So you’ve welcomed a new horse into your family, or you’ve recently relocated your horse to a new barn. In any new situation, if you have other horses around there will be introductions to make. Horses, just like any other animal, have distinct personalities which can come into play when introducing a horse to others. Some posess more of a dominant personality while others prefer to munch on their hay, left alone to their thought. Yet others fall somewhere in the middle. Regardless of what personality type your horse subscribes to, it is important to be knowledgeable about herd dynamics when you’re dealing with multiple horses.
In the wild, horses are herd animals with each member of the herd serving a role. Herds are made up of dominant horses that protect the other members and ensure an adherence to routine as well as horses who are lower on the totem pole who need protection. Horses use a variety of body language to communicate, ensuring that the hierarchy is maintained and not disturbed.
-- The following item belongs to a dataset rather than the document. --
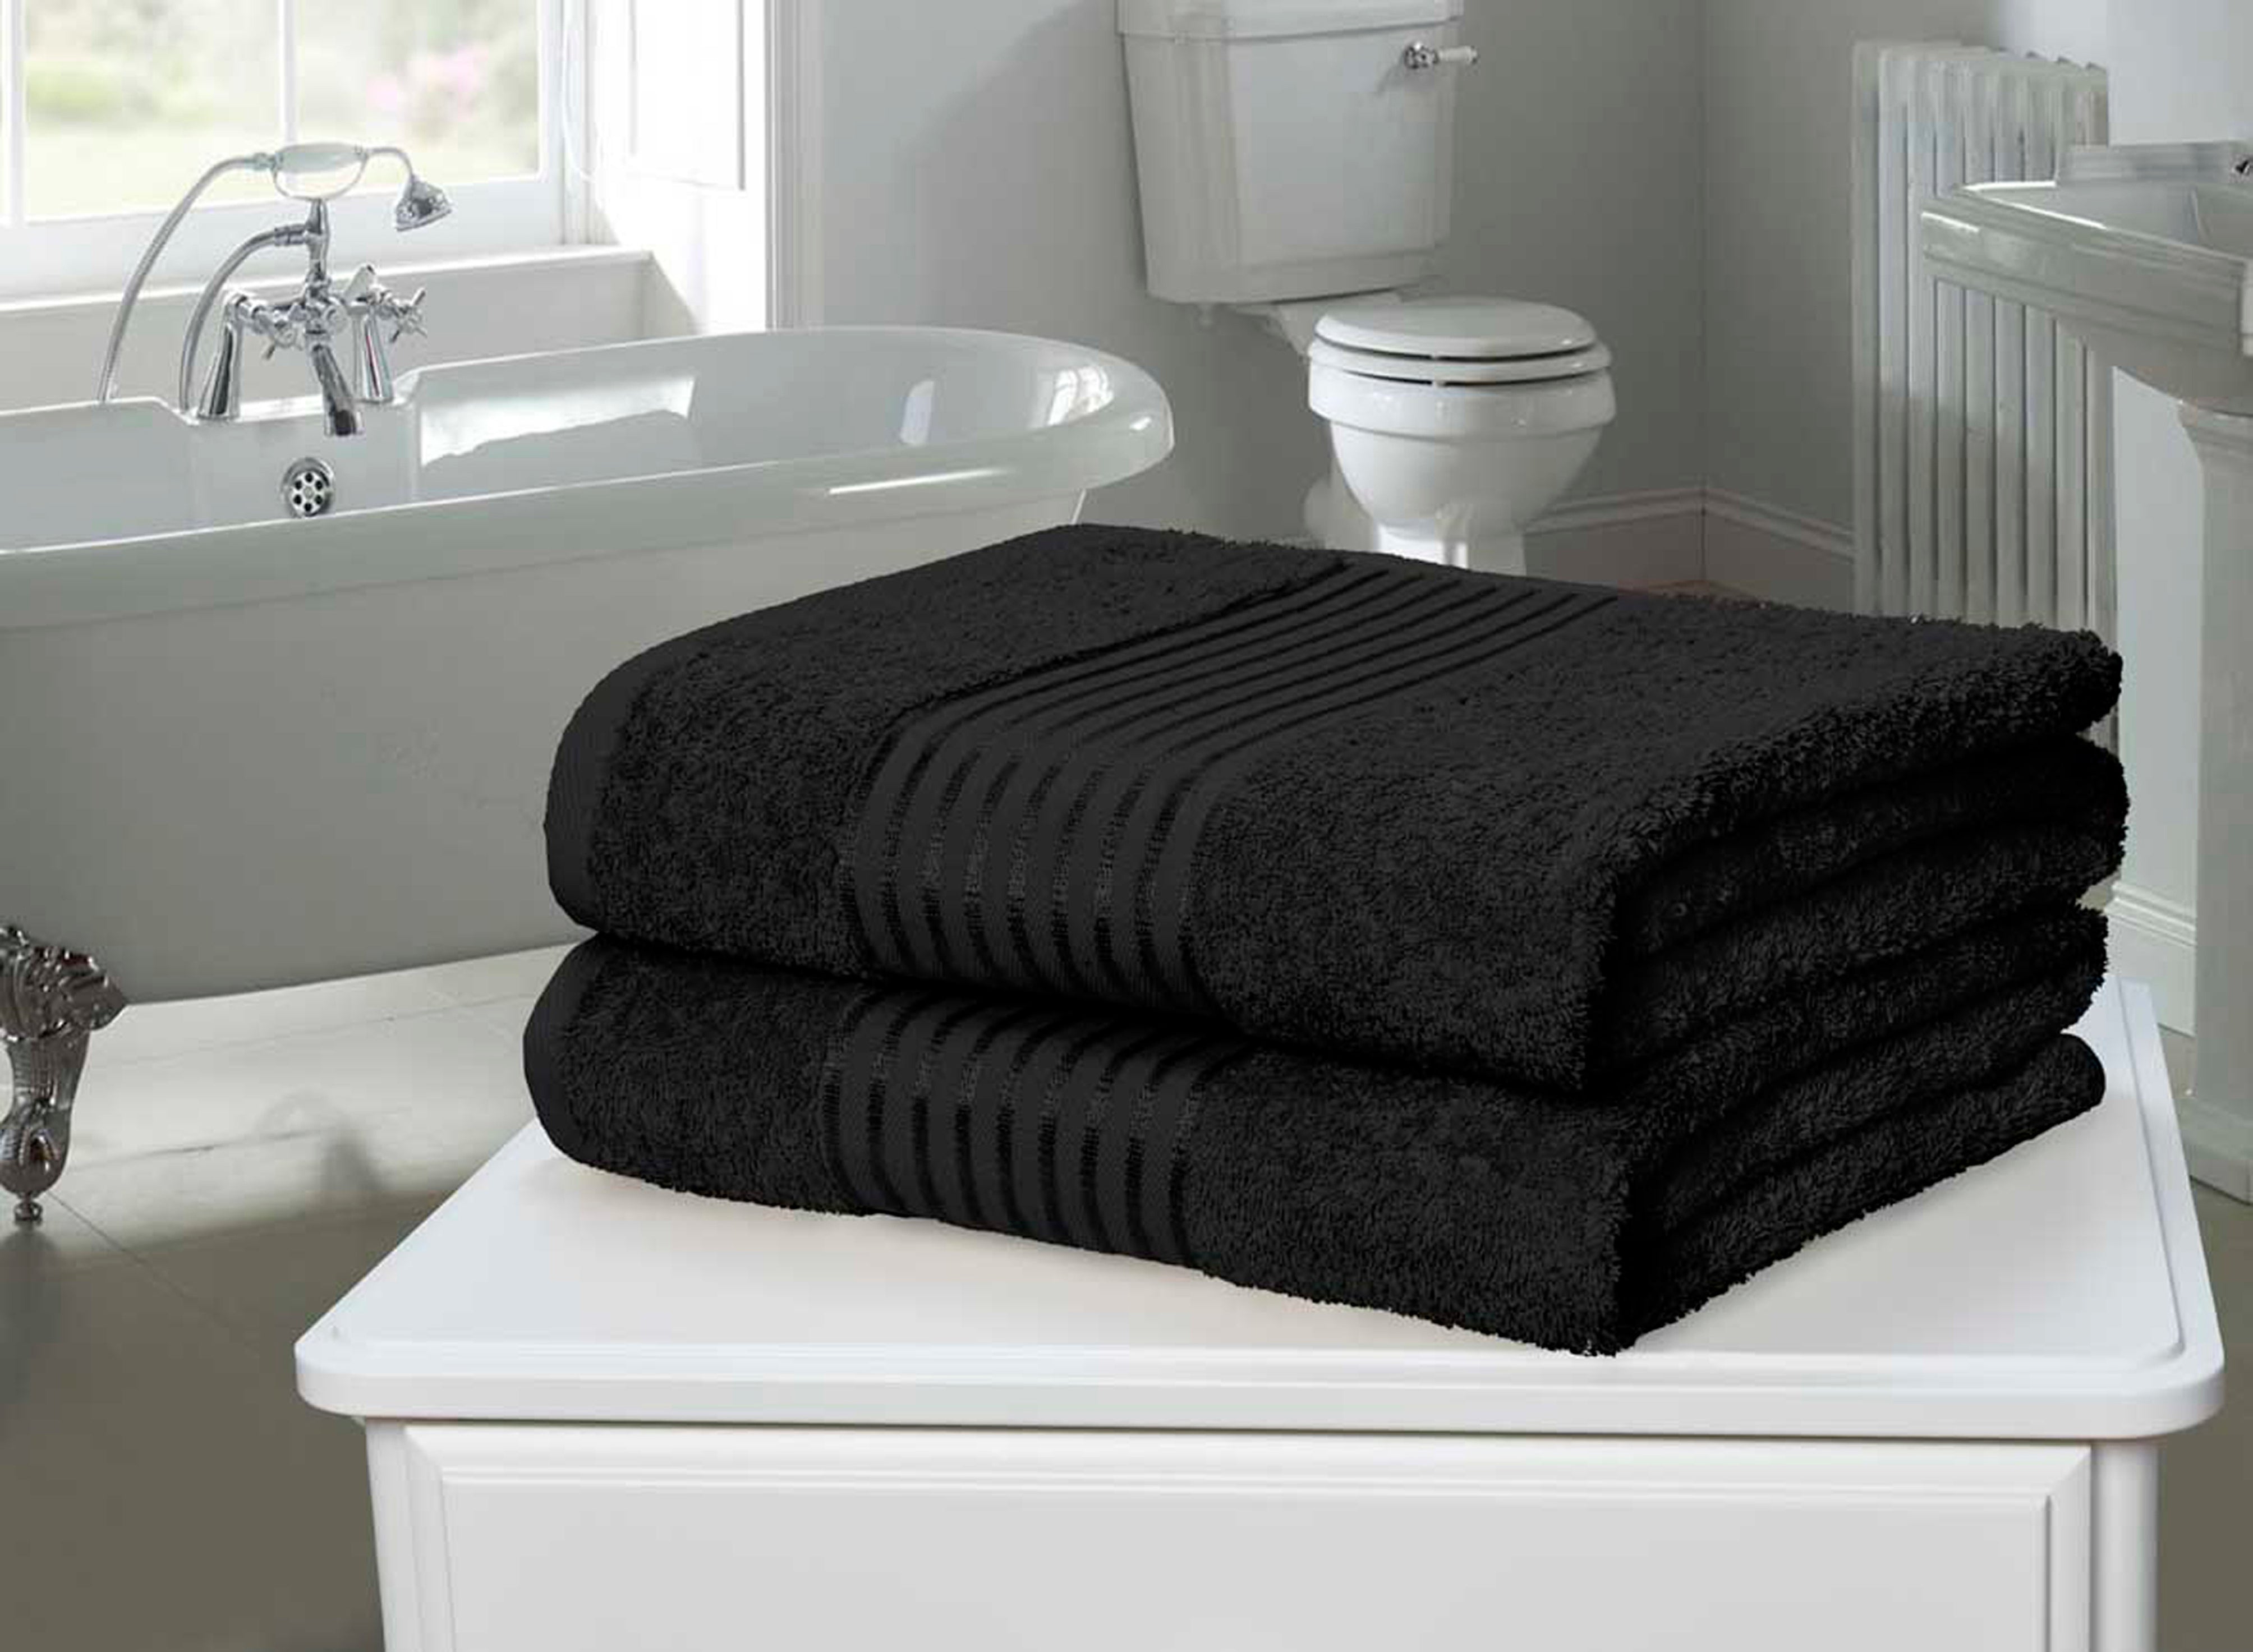 Windsor 2pc Bath sheets

To that end, even domesticated horses will draw upon their instincts when establishing a hierarchy in the pasture. It is beneficial — and much safer — to know what type of personality each horse has before putting them into a pasture together. For example, two horses who tend towards more dominant personality traits may not do well turned out together. They may bicker or fight, which increases risk for injury. Rather than just tossing a herd of horses into a pasture to fight it out, do your best to know what personalities you are mixing and make adjustments according to how each horse reacts in a herd environment.
Many people will subsribe to the notion of just “letting them figure it out” in the pasture, and while this is an argument in itself, the knowledgeable horse owner or barn manager should bear in mind that too much mixing or change in herds can often spell trouble in the form of injuries. That being said, just because a few squeals or pinned ears happen when horses first meet does not necessarily mean that they should be separated immediately. Pay attention to how the herd establishes a hierarchy, and make your adjustments according to ongoing behavior. More often than not, the squeals are used to establish the herd, and once that has been sorted things stay fairly even keel.
Learning about herd dynamics in the wild can translate to being able to better understand your own horses and how they interact. Horses are, instinctively, herd animals, so encouraging them to have a buddy or two is healthy, but just make sure that you are observing the signs of a healthy herd rather than an abusive relationship.